Host and parasite data
Cophylogenetic analyses were conducted on two dataset pairs: 1) PHMITOS - the mitogenome dataset for nine parasites and nine hosts; 2) P18SHMITO − 18S rRNA + ITS for Gyrodactylus parasites (103 species) and mitogenomes of 100 host species. Seventeen Gyrodactylus mitogenomes were available in the GenBank database (last accessed 9th Jun 2022). After removing duplicates (leaving one mitogenome per species) and two mitogenomes for which we failed to find the host information, seven mitogenomes were left in the dataset; to this we added two newly sequenced and annotated mitogenomes, resulting in nine mitogenomes in total. Similarly, 378 Gyrodactylus 18S + ITS gene sequences were downloaded from GenBank (last accessed 9th Jun 2022), and 103 sequences were left after the same filtering procedure. The host information for the above two parasite datasets was obtained from the GyroDb database [20]. We also built two additional P18SHMITO subdatasets for additional analyses. Among the 100 hosts in our study, only 17 were parasitised by more than three gyrodactylids. As Page (1993) argued that host species infected by multiple parasite species could cause incongruence between the host and parasite phylogenies, to assess the impact of these hosts on host-parasite co-evolution analyses, we tested an additional P18SHMITO subdataset, from which these 17 hosts were removed (“17 hosts removed” dataset). Also, to test whether gyrodactylids with low host-specificity interfered with the analyses, we removed gyrodactylids with the top 15% SPSi values from the P18SHMITO dataset (see the definition of SPSi in the “Host specificity” section). Although different species were removed to generate the “removed top 15% SPSi” dataset, the number of gyrodactylids (88) and hosts (85) in this dataset was almost identical to the corresponding numbers in the “17 hosts removed” dataset (82 gyrodactylids and 83 hosts).
Phylogenetic analyses
PhyloSuite v.1.2.3 [21] was used to retrieve the data from GenBank, extract and modify the default taxonomic data, extract mitogenomic data, parse and extract the mitogenome annotations recorded in Word documents, create GenBank submission files, create organization tables for mitogenomes, make genomic statistics of the mitogenomes of gyrodactylids, generate annotation files for the architecture visualisation in iTOL (I Letunic and P Bork [22], and conduct phylogenetic analyses using two plug-in software programs: IQ-TREE (maximum likelihood analysis – ML) [23] and MrBayes (Bayesian Inference - BI) [24]. Two datasets were used: 1. nucleotide alignment of all PCGs + 2rRNAs of the PHMITO dataset (PHMITOS henceforth); 2. nucleotide alignments of 18S + ITS (gyrodactylid) and 13PCGs + 2rRNAs (hosts) of the P18SHMITO dataset.
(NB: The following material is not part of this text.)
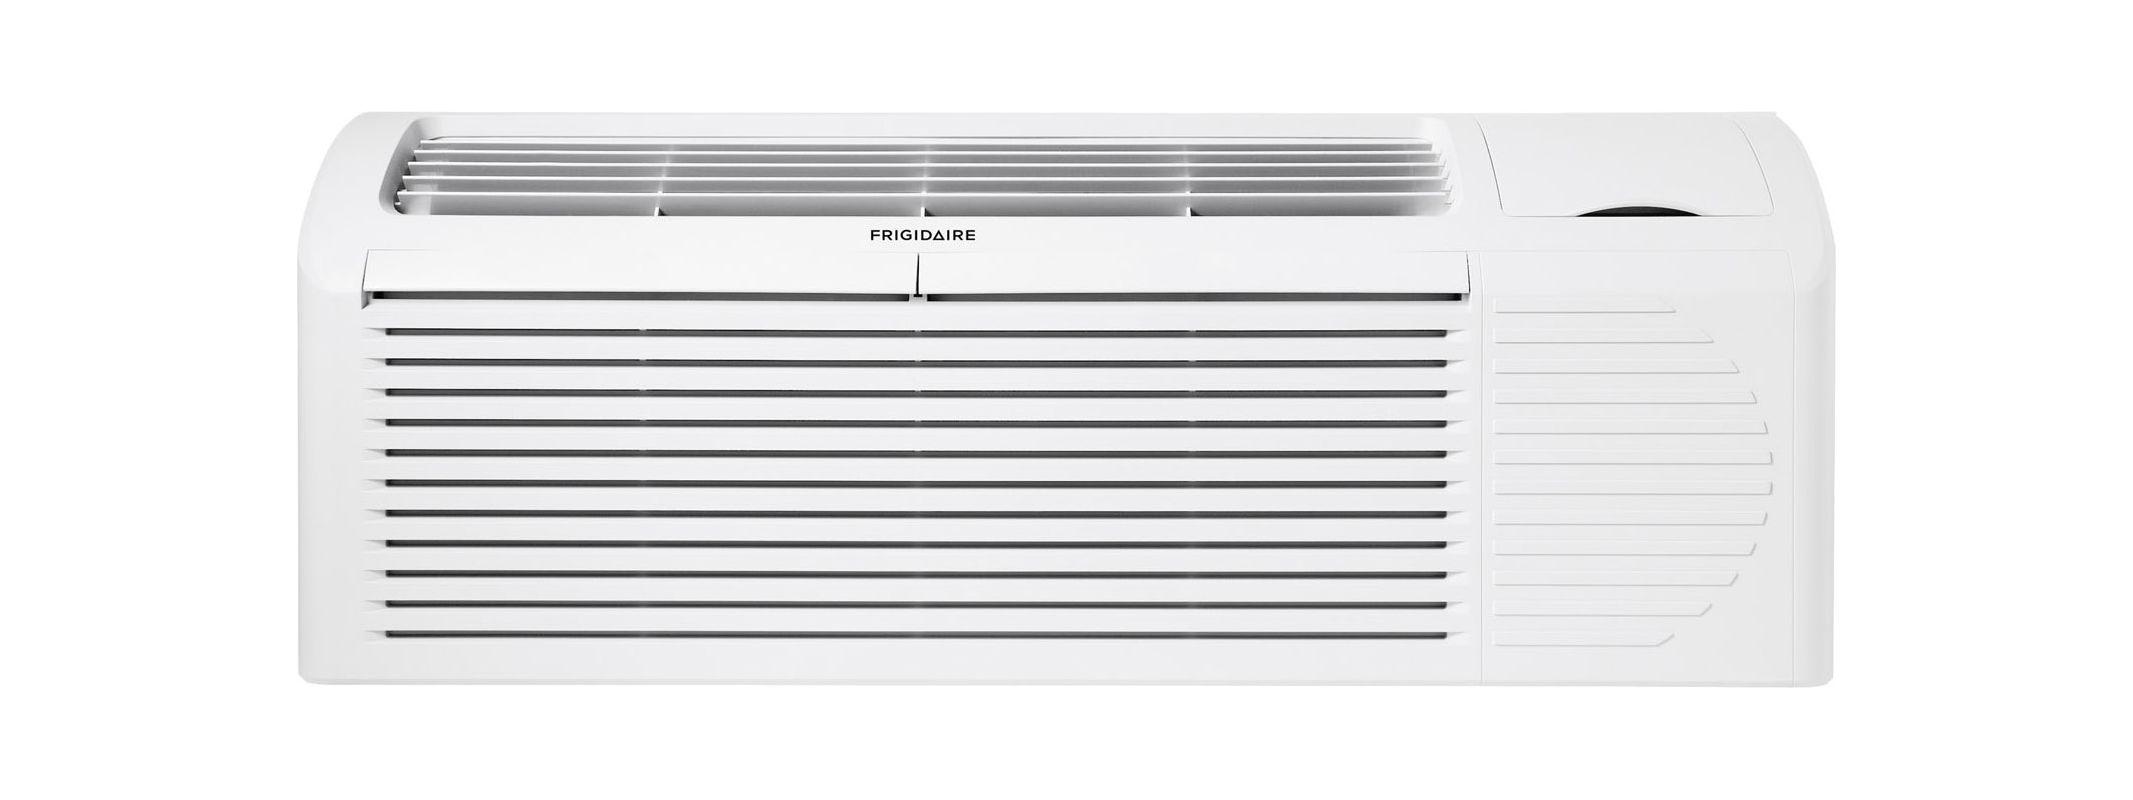 Frigidaire FRP90ETT3A 9,000 BTU 265 Volt Packaged Terminal Air Conditioner (PTAC photo

All preparatory steps were also conducted using PhyloSuite and its plug-in programs: sequences were aligned in MAFFT [25] and PCG alignments further refined using MACSE (Ranwez et al.,2011); alignments were concatenated by PhyloSuite; optimal evolutionary model and partitioning strategy were inferred using ModelFinder (for 18S + ITS data) [26] and PartitionFinder2 (for mitogenome data) [27].
Host specificity
For each gyrodactylid, we calculated its basic host specificity, phylogenetic host specificity, as well as geographic host specificity. Basic host specificity was calculated with the number of recorded host species or ‘host species range’. Phylogenetic host specificity was represented by the standardized effect size of Faith’s phylogenetic diversity (PD) of hosts exploited by a parasite, which is calculated using the R function ses.pd in the Picante package [28]. The standardized effect size of phylogenetic diversity (SPSi) is the difference between the observed phylogenetic diversity between hosts of each gyrodactylid and the mean phylogenetic diversity obtained with the same number of hosts generated using a random choice of host species from the tree (null data), divided by the standard deviation of phylogenetic diversities in the null data, inferred by performing 999 runs and 1,000 iterations for PSi, as recommended by Poulin et al. (2011).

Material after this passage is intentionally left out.